OP, I realise you are trying to steer a middle course, be fair, be kind to your child and his friend, etc. etc., but please remember the comments regarding him becoming ‘normalised’ as a ‘Safe Dad’. Mitigating risk by trying to be present at contacts is all well and good but, as others have said, if he is flagged as Safe Dad now, what happens in the future when your child or a younger sibling meets Safe Dad and suddenly it turns out he isn’t Safe ?
I was sexually abused by the father of my brother’s best friend when I was 12. It happened when his wife, my father, my brother and his mate were all in the house but in other rooms. This was over 50 years ago and I was very naïve. In hindsight, I think if I’d told my father he would have gone down the ‘don’t be stupid, don’t tell lies’ etc. route, after all, the perpetrator was a good bloke….he was the father of my brother’s best friend wasn’t he ? A Safe Dad.
I’ve told very few people about this but it has affected me through my life. I thought I’d buried it but when my brother mentioned, in passing, a couple of years ago, did I remember X as he’d just died ? I was poleaxed. My brother just kept rambling on as is his wont but I finished the call as soon as possible and spent the next 2 hours sobbing. I’m mid-late 60s and it still has the power to affect me to my core.
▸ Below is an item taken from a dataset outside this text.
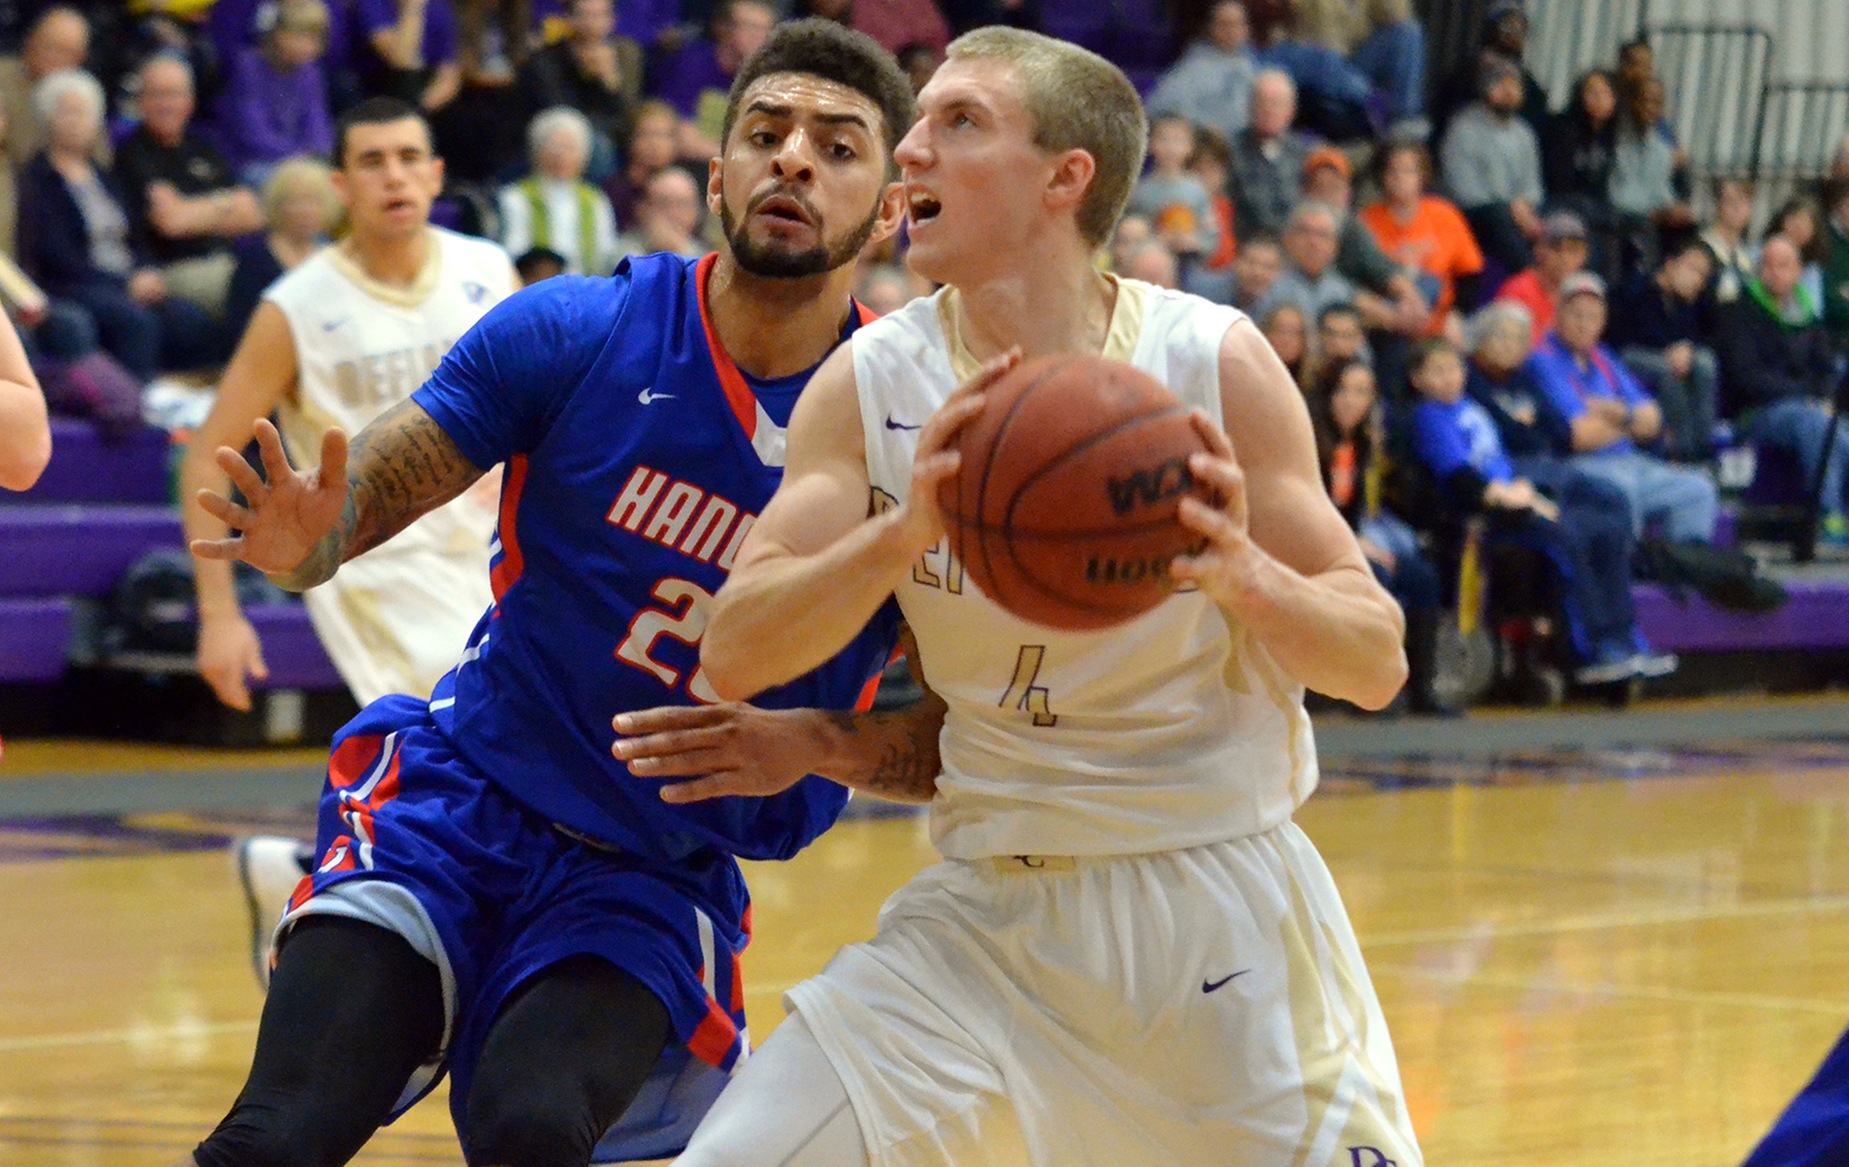 Men's Hoops Can't Overcome Hot First Half Shooting By MSJ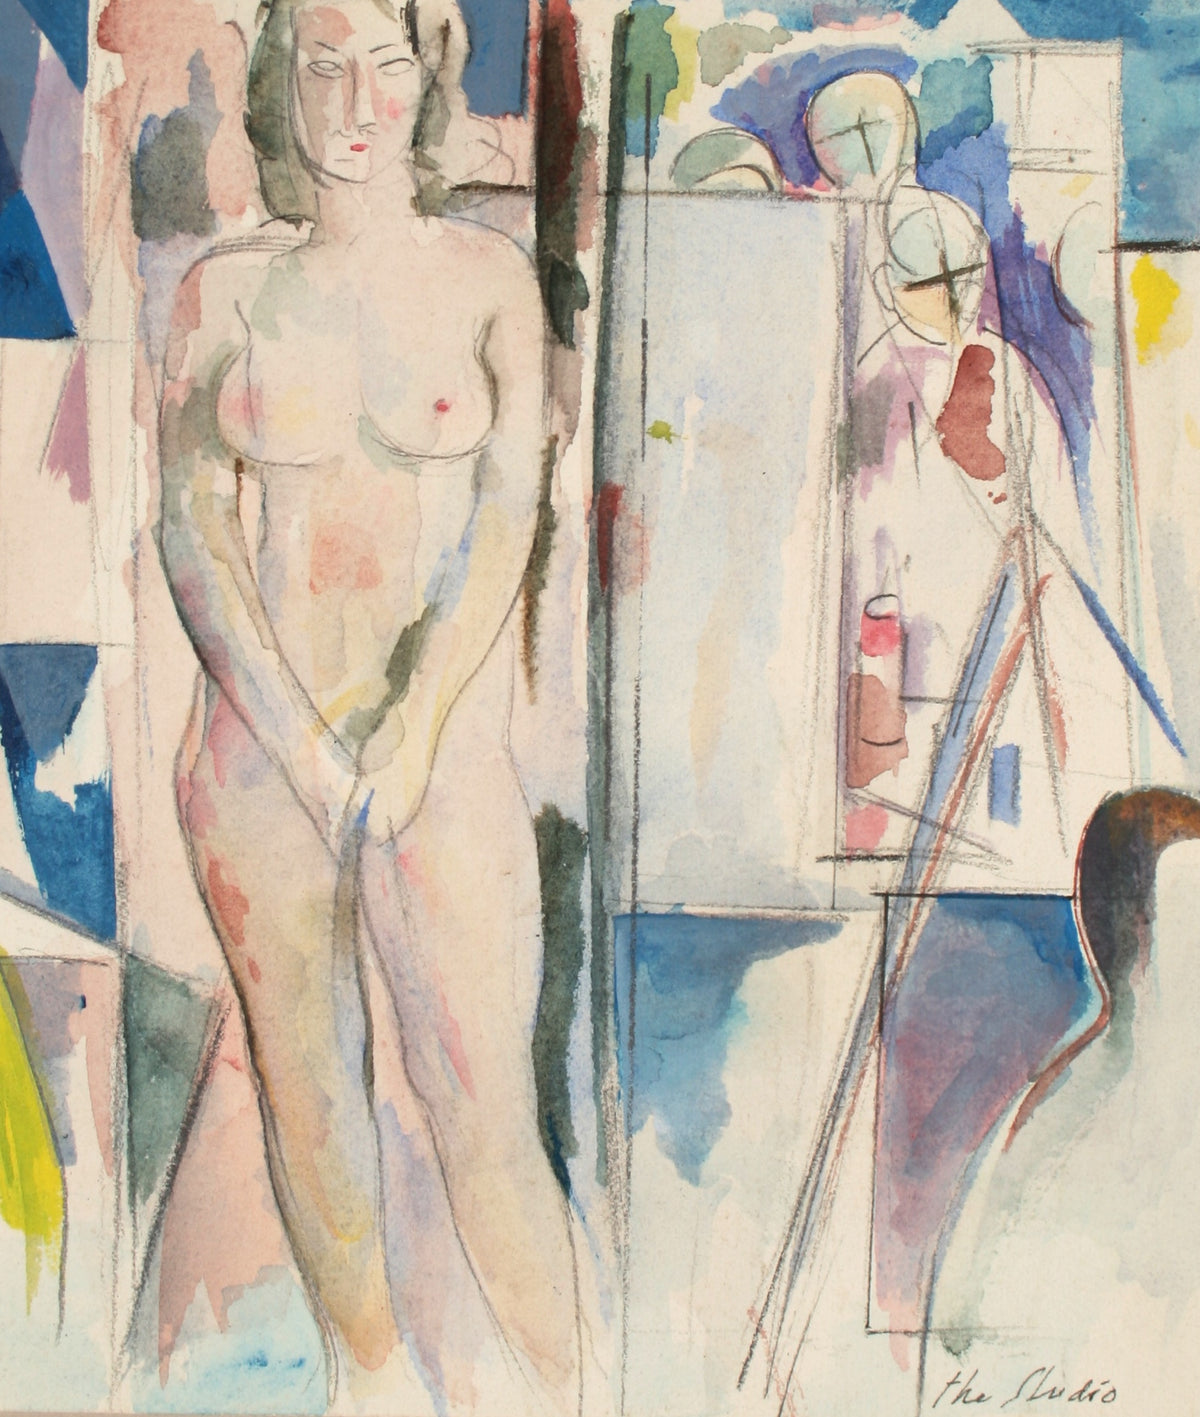 &lt;i&gt;The Studio&lt;/i&gt; &lt;br&gt;Late 20th Century Watercolor and Graphite &lt;br&gt;&lt;br&gt;#71541

Please heed the warnings about normalising this man as a Safe Dad. He might be now but I’m afraid the balance of probabilities suggest Sexual Offenders do not reform.
If I was in your position I would ask the Police if I am entitled to more information; attending in person at the Police Station to ask might give you a better feeling of what is possible and gets rid of the emailing to and fro numerous times.
Are you friendly enough with another parent to be confident they would be honest with you about how they feel ? It may be there are a lot of you not wanting to be seen to be ‘unkind’ but are worried.
I think I would veer on the side of seeming a bit odd rather than expose my child to a known sex offender. Oh, and as others have said, his wife has her own problems to steer through but I’m afraid I wouldn’t be 100% sure I would trust her not to have her husband around the children.
Final thought. Looking at photos online is what is often referred to as an ‘entry’ offence but he has also been convicted of what might be considered as a ‘next stage’ offence of grooming. There are three ways an offender can go. Back to non-offending, staying at the same level and escalating. I don’t know which way this man might go but neither do any other posters on here.